James received an eviction notice at the beginning of June. His case has been continued several times, and he recently received rental assistance and hoped that would enable him to avoid an eviction. 

But like most tenants faced with eviction, James didn’t have a lawyer representing him. 

“I didn’t really think about a lawyer or anything like that,” he said. “I was just gonna kind of come in and just deal with the consequences.”

That afternoon, James lost his case. Now there’s an eviction judgment on his record, and he owes about $3,000. 

The outcome comes as no surprise to attorney John Bonacorsi, who represents tenants in eviction cases with the Heartland Center for Jobs and Freedom

“When someone shows up to court and they can’t access an attorney, almost every single time, that case ends up in a judgment and with them being forced from their home,” Bonacorsi said. 

For tenants like James, legal representation can make or break their chances of avoiding an eviction judgement and losing their home. National research estimates that about 90% of landlords have legal representation in eviction cases, whereas 90% of tenants do not. 

One study of eviction cases in Minnesota’s Hennepin County found that tenants with full representation won or settled their cases 96% of the time. More than two-thirds of tenants without an attorney could not keep their homes.

Local attorneys like Bonacorsi see a similar dynamic play out in Kansas City. They worry that tenants will be on their own as eviction filings speed up now that moratoriums have been lifted. Data from the Eviction Lab, combined with data provided to The Kansas City Beacon from the Jackson County Court, shows that 3,296 eviction cases had been filed this year as of the end of August. 

The consequences for receiving an eviction judgement are dire. In the short-term, it means a tenant will lose their current home. In the long-term, an eviction makes it more difficult to find future housing. That’s not to mention the traumatic financial and emotional devastation an eviction can have on families. 

“Now that we don’t have a moratorium in place, cases are moving much quicker, which means you have less time as a tenant to seek out representation,” said Rachel North, an attorney at Legal Aid of Western Missouri, a legal organization offering legal services to tenants experiencing eviction. 

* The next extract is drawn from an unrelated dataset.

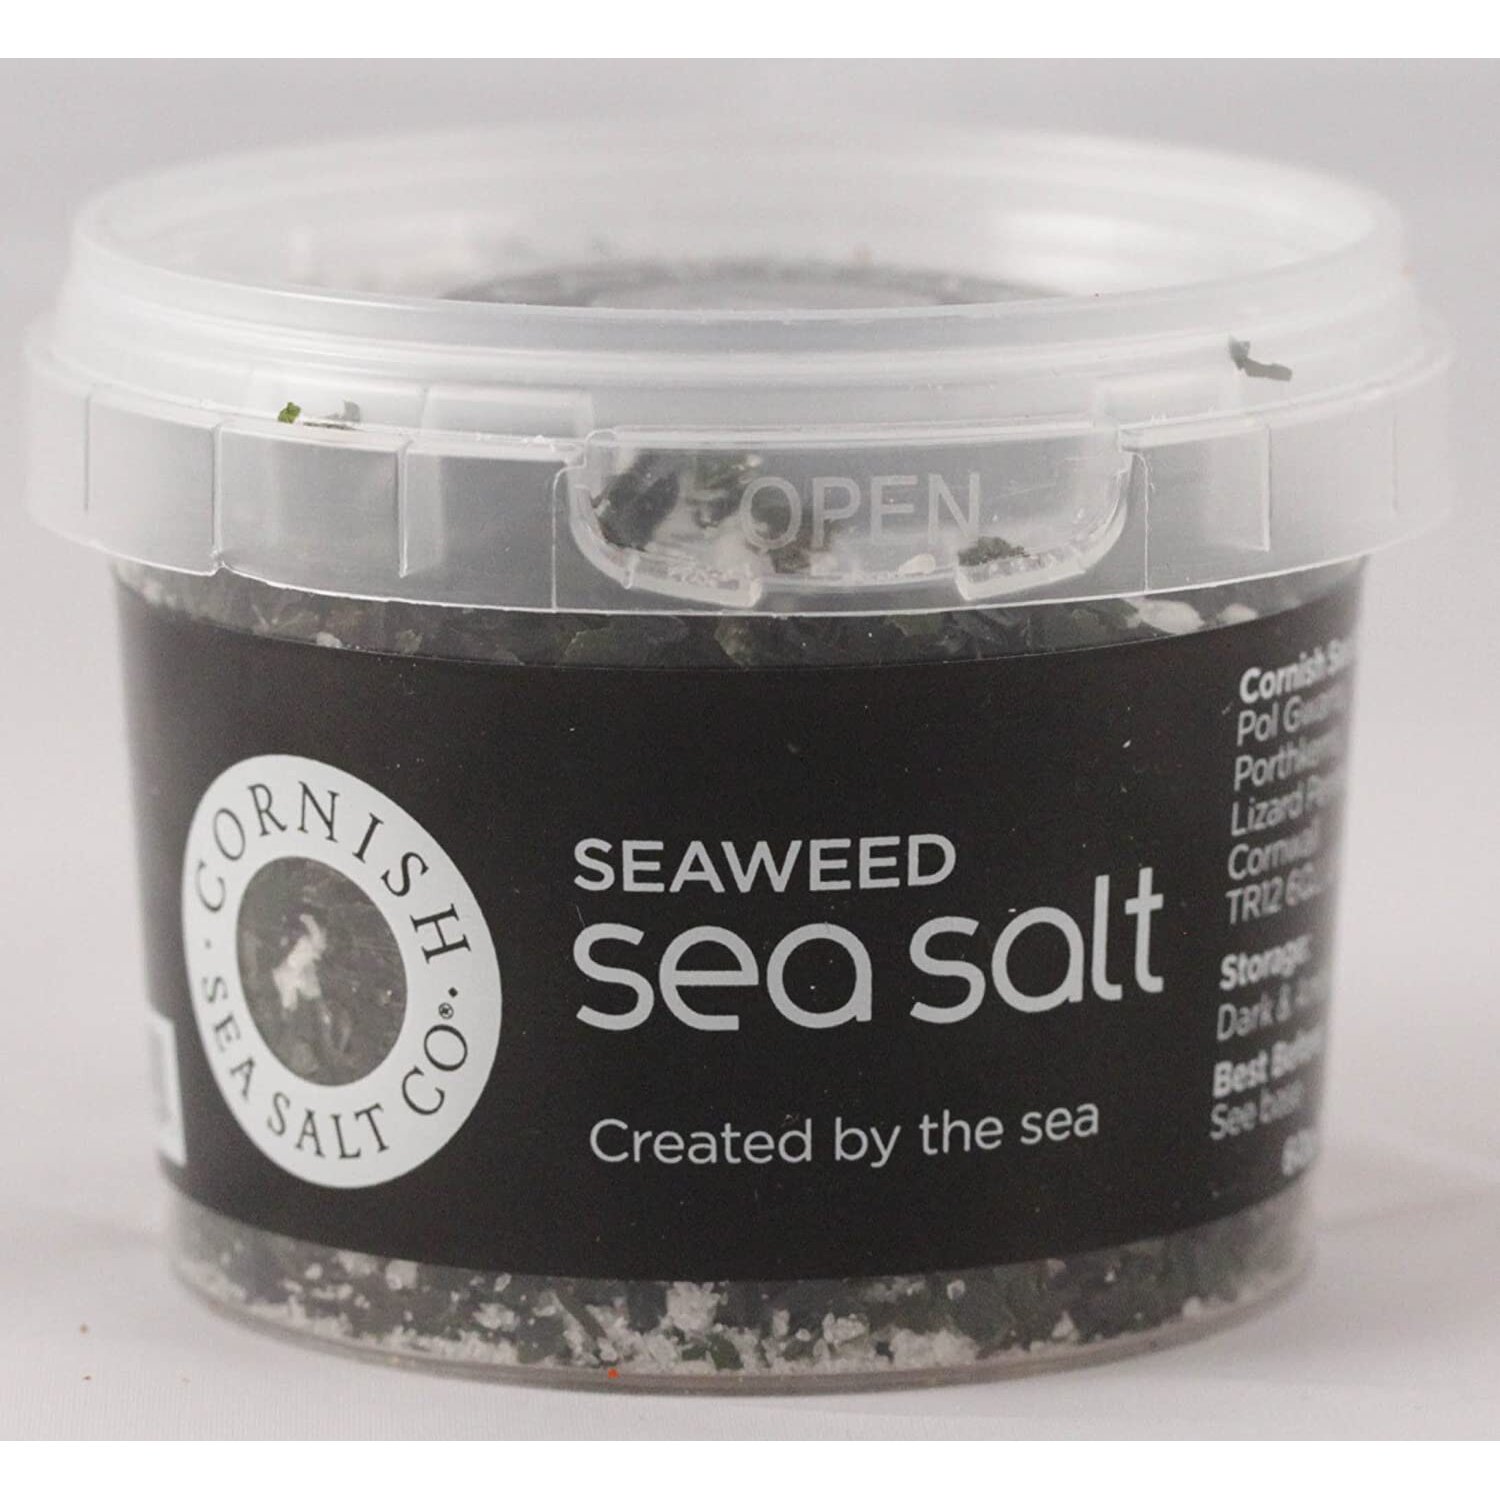 Cornish Sea Salt - Seaweed - 60G - Tub

The Sixth Amendment to the U.S. Constitution guarantees legal representation only to defendants in criminal cases. Eviction cases go through civil court, meaning tenants don’t have a guaranteed right to a lawyer. 

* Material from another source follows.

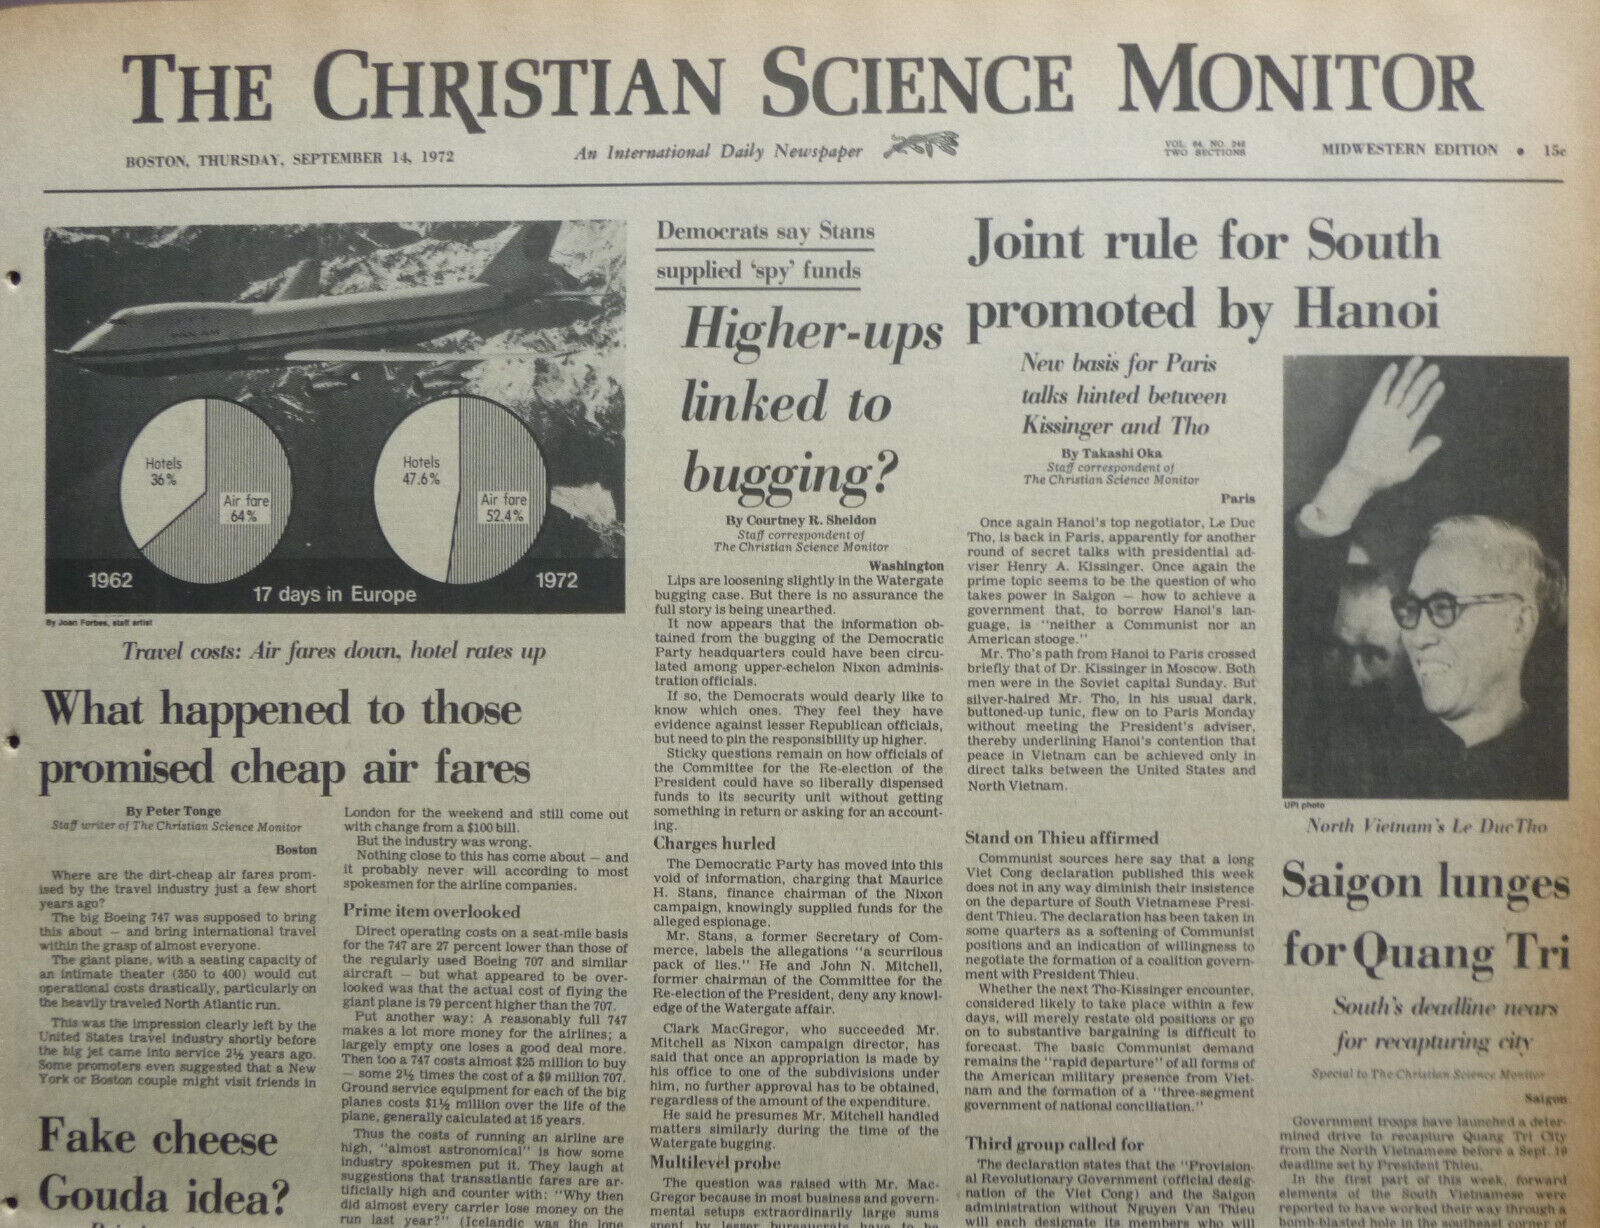 ULSTER PEACE SHRINKS HANOI SAIGON - September 14, 1972 Int Newspaper C S Monitor

Bonacorsi’s work with the Heartland Center shows how different the outcomes can be when a tenant has a lawyer. 

“In 99% of our cases, we’ve been able to get dismissals and to keep people housed,” he said. “It literally is flipping the outcomes on their head, when someone has the benefit of an attorney.”

Passing right to counsel in Kansas City

Local attorneys and tenant advocates have long called for a “right to counsel” protection for tenants facing evictions in Kansas City. 

“Tenants should always have the access to attorney and universal representation,” Bonacorsi said. “But where we are now, with the pandemic raging on, with the moratorium ended and with people unable, and in very large numbers, to access the rental assistance that is out there for their benefit … I can’t imagine a more critical time for people to have the benefit of an attorney.”

A guaranteed right to counsel was a priority of local housing justice group KC Tenants when it launched its 2019 campaign to pass a Tenants Bill of Rights. Right to counsel was part of the Tenants Bill of Rights package, but would have been introduced as a separate ordinance. Morgan Said, spokesperson with the mayor’s office in Kansas City, said the ordinance was pulled because the mayor’s office did not think they had the votes or the funding to pass the policy. 

The Kansas City Council passed the Tenants Bill of Rights ordinance protecting tenants at the end of 2019, without any language on right to counsel. Said said the mayor’s office remains open to conversations about a right-to-counsel policy in Kansas City.

Other cities in recent years have passed right-to-counsel policies for tenants facing eviction. New York City was the first U.S. city to pass the policy in 2017.

A report from the Office of Civil Justice in New York City found that 38% of tenants in eviction court were represented by an attorney in the first half of 2020. That’s a marked increase from 2013, when only 1% of tenants had representation. The report also found that eviction filings overall have decreased from nearly 29,000 in 2013 to about 17,000 in 2019.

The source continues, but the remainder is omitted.